Dialectical behavior therapy, or DBT, is a form of cognitive behavior therapy (CBT) that was originally developed to help the most severely mentally ill and depressed patients accept therapy. It relies on the same concept in CBT that examines the relationship between our thoughts, feelings, and actions, but in DBT the emphasis is first on acceptance rather than change. There is also an emphasis on mindfulness, ‘being in the moment,’ and relaxation techniques such as yoga. These are combined with a great deal of validation and encouragement from the therapist.

The word ‘dialectical’ means acting through opposing forces, and this word refers to a few different opposing concepts in DBT:
  • The therapy combines traditional Western psychotherapy techniques with Eastern religious philosophy.
  • Patients must learn that life, thoughts, and feelings are not all black and white -- there are many shades of grey.
  • The therapy works on accepting and validating the patient for being where they are at the moment while also encouraging them to change for the better.
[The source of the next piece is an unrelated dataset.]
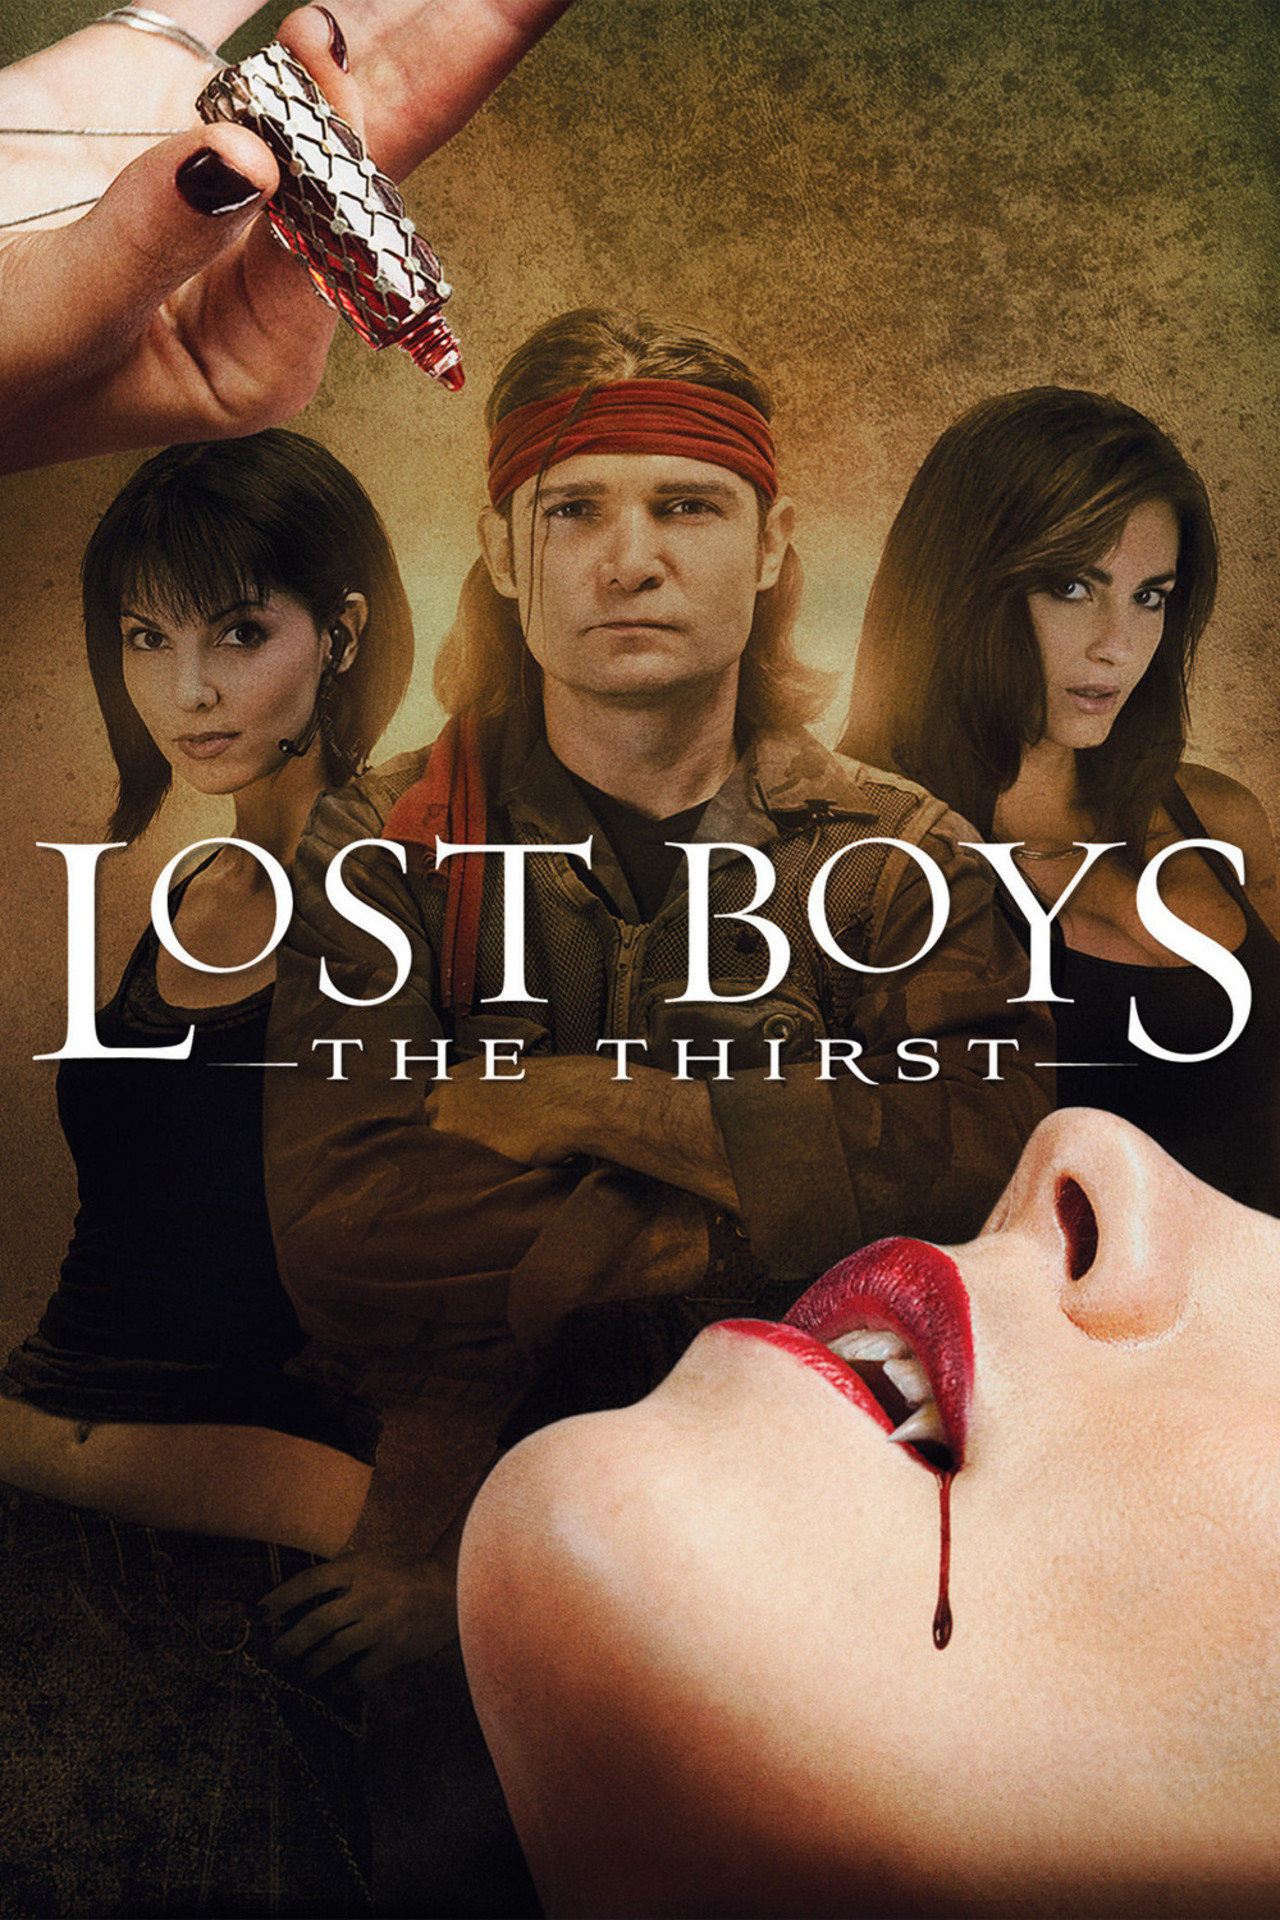 Lost Boys: The Thirst (2010) starring Corey Feldman on DVD on DVD

Dialectical behavior therapy was developed when therapists attempting to use CBT techniques on the most seriously ill patients ran into a problem. When they suggested that a patient change their thoughts, these very vulnerable patients would become overwhelmed and turn aggressive or suicidal. DBT was developed to support these patients with acceptance and validation while still guiding them towards changing problematic thoughts. Although also used for suicidal and self-harming patients today, these days, DBT is mainly used to treat borderline personality disorder. It is one of the few effective interventions for this serious illness.

DBT has been shown to be very effective at reducing self-destructive behavior. It can also be used to teach new coping skills and increase a patient’s self-esteem and motivation to become healthier.